Comments (8)
Thanks for this suggestion!
We try to define DatasetBuilder
s in a way that accurately represents the source data instead of making opinionated decisions on how a user may want to use it. This allows TFDS to be modular and useful across a wide variety of use cases. The tf.data
API is simple, flexible, and powerful enough to allow users to manipulate the data and it seems that simple casts and data reshapes are quite easy to do.
Could you elaborate a bit more on your concerns using the tf.data
API to massage the data?
And a pointer to those FastAI examples would be great! We can take a look at them and see how we can provide an equally nice experience.
Thanks again for these suggestions and helping make TFDS a better library!
from datasets.
Thanks for considering this.
TL;DR I don't think it would hurt anyone to optionally provide TF-ecosystem-standard representations, and it would certainly help a lot of people immensely.
Somewhat basic question: Is this package targeted toward end users, or to developers?
If end users are a major audience, needing to transform the data to make it useful is a high barrier to entry. Experienced TF folks can do it in a few minutes, but a beginner? They have to actually understand Dataset, tensor types and shapes, the required arguments of the downstream functions (like convolution), and know the pattern for solving this particular puzzle, where to look for the necessary transform ops, etc, etc, etc.
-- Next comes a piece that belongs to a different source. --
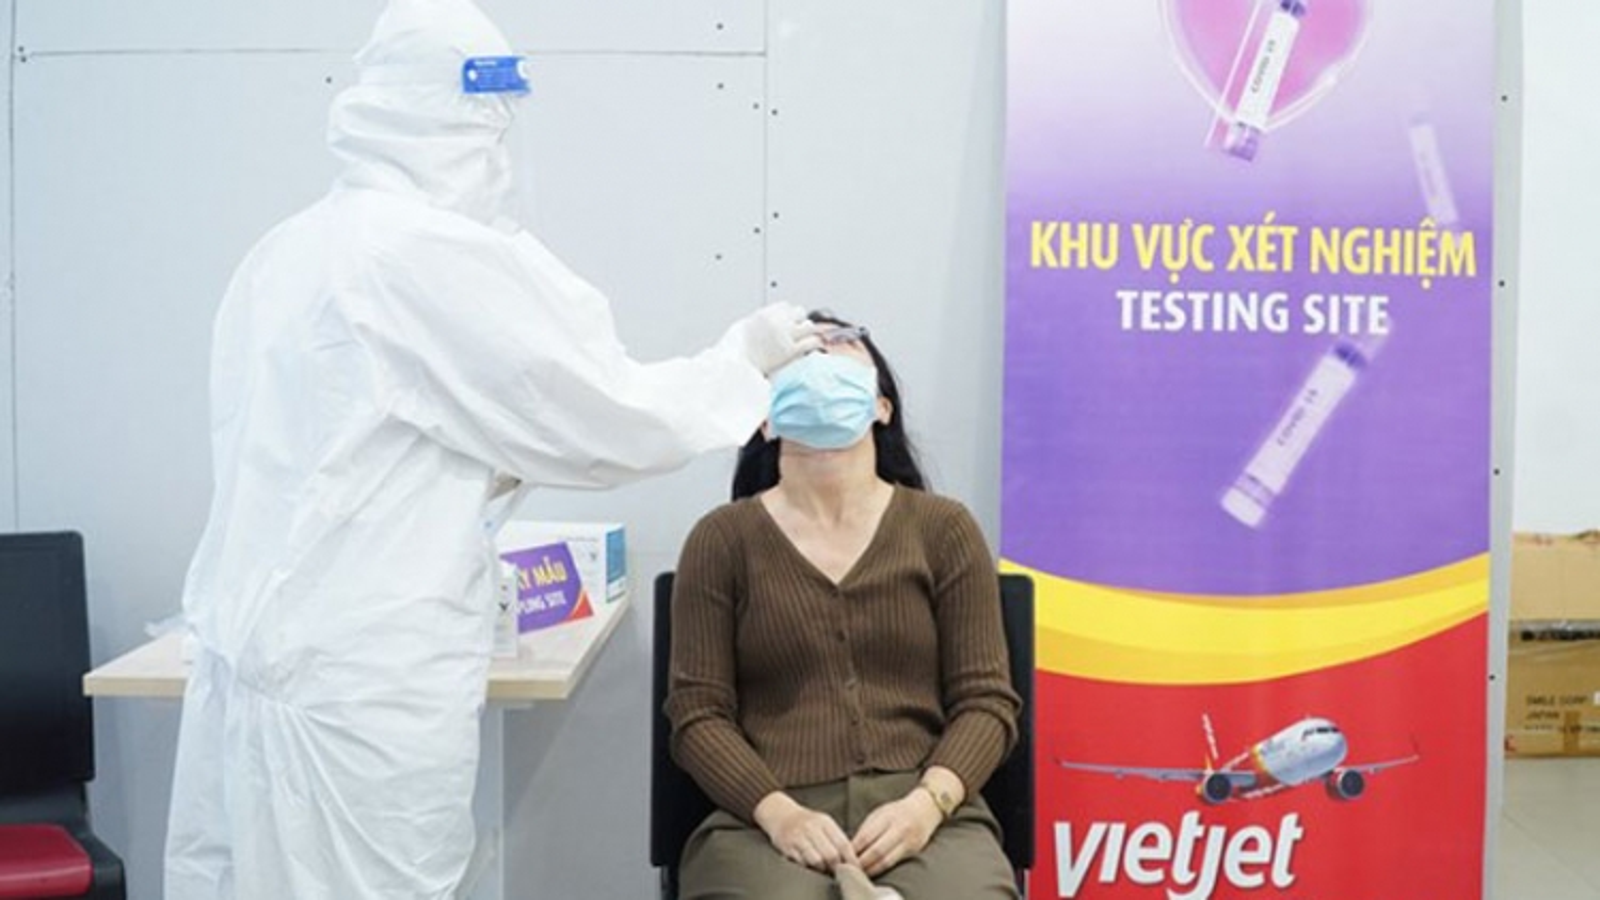 Vietjet increases domestic services with free COVID-19 tests, zero fare promotion

Compare this to the fast.ai example (https://docs.fast.ai/):
path = untar_data(URLs.MNIST_SAMPLE)
data = ImageDataBunch.from_folder(path)
learn = create_cnn(data, models.resnet18, metrics=accuracy)
learn.fit(1)
As a Hello World example, this is a lot better. Don't need to understand the details of ImageDataBunch, only that it provides data to some high-level model fitting function create_cnn, which itself is mostly contains just a pretrained network models.resnet18. Don't need to understand the inputs to models.resnet18 or how they align with the outputs of ImageDataBunch.
TFDS can actually be cooler than this, since it can support the 1-liner formulation, but also has more thought-out lower level APIs for when you need custom.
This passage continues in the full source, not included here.